Let us work in the standard ZFC universe $S$. Within it there also exist nonstandard models of ZFC. In our standard universe we have (standard) $\mathbb{N}$ with countable cardinality. Within the nonstandard model $L$ of ZFC we can have a nonstandard model $K$ of Peano Arithmetic that has some uncountable cardinality by the theorem of Lowenheim and Skolem.
But because the nonstandard ZFC model is within our standard model of ZFC, we can find an injective function $f$ that maps the standard set $\mathbb{N}$ to $K$. What cardinality does the image $I$ of $f$ have with respect to the nonstandard ZFC model $L$?
From what I have been able to find [Theorem 2 and following text, page 663, here], $I$ is not actually regarded as a valid set in $K$. Why is this -- is $\in^L$ different from $\in^S$? Is $\in^L$ some complex operator or is it merely $\in^S$ with added stipulations?
Or, does $I$ have some nonstandard finite cardinality in $K$, thus appearing finite with respect to $L$? What does it even mean to have a nonstandard cardinality? For example, if $\mathbb{N}$ has nonstandard cardinality $H$, then what about $H-1$? Something must have cardinality $H-1$, but then this would be a set that is not, from the perspective of the standard universe, finite; but it has cardinality less than $\mathbb{N}$.
The injection $f$ is an element of $V$, not $L$ (incidentally, you really shouldn't use "$L$" to denote a nonstandard model of ZFC). There is no reason to believe that its image is in $L$ at all. Its image will be a subset of $L$, but not all subsets of $L$ correspond to elements of $L$. (Brute force way to see this: in $V$, $L$ has $2^{\vert L\vert}$-many subsets, but clearly only $\vert L\vert$-many of them can correspond to elements of $L$.)

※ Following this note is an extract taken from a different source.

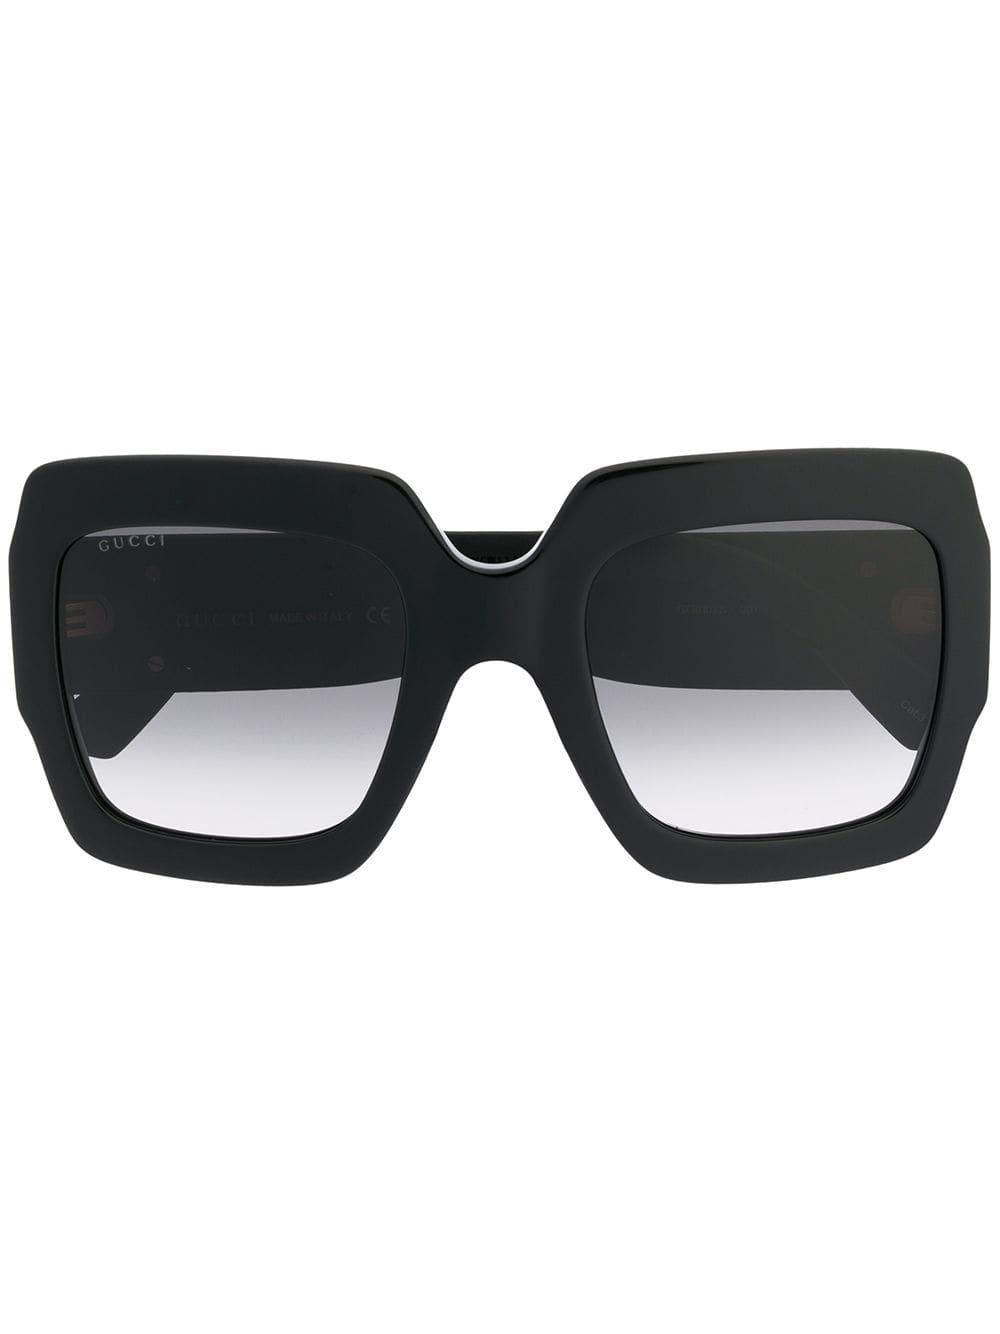 Gucci Oversized Frame Sunglasses in Black for Men - Lyst

Basically: whenever you have some object defined by referencing $V$, there is no reason to expect that it or anything defined in terms of it should live inside your other model.
To be absolutely precise: there is no reason to believe that there is some $x\in L$ such that $$\{y\in L: L\models y\in x\}=im(f).$$ (Incidentally, if you prefer we can write "$\{y\in L: L\models y\in x\}$" as "$\{y\in^V L: y\in^L x\}$.")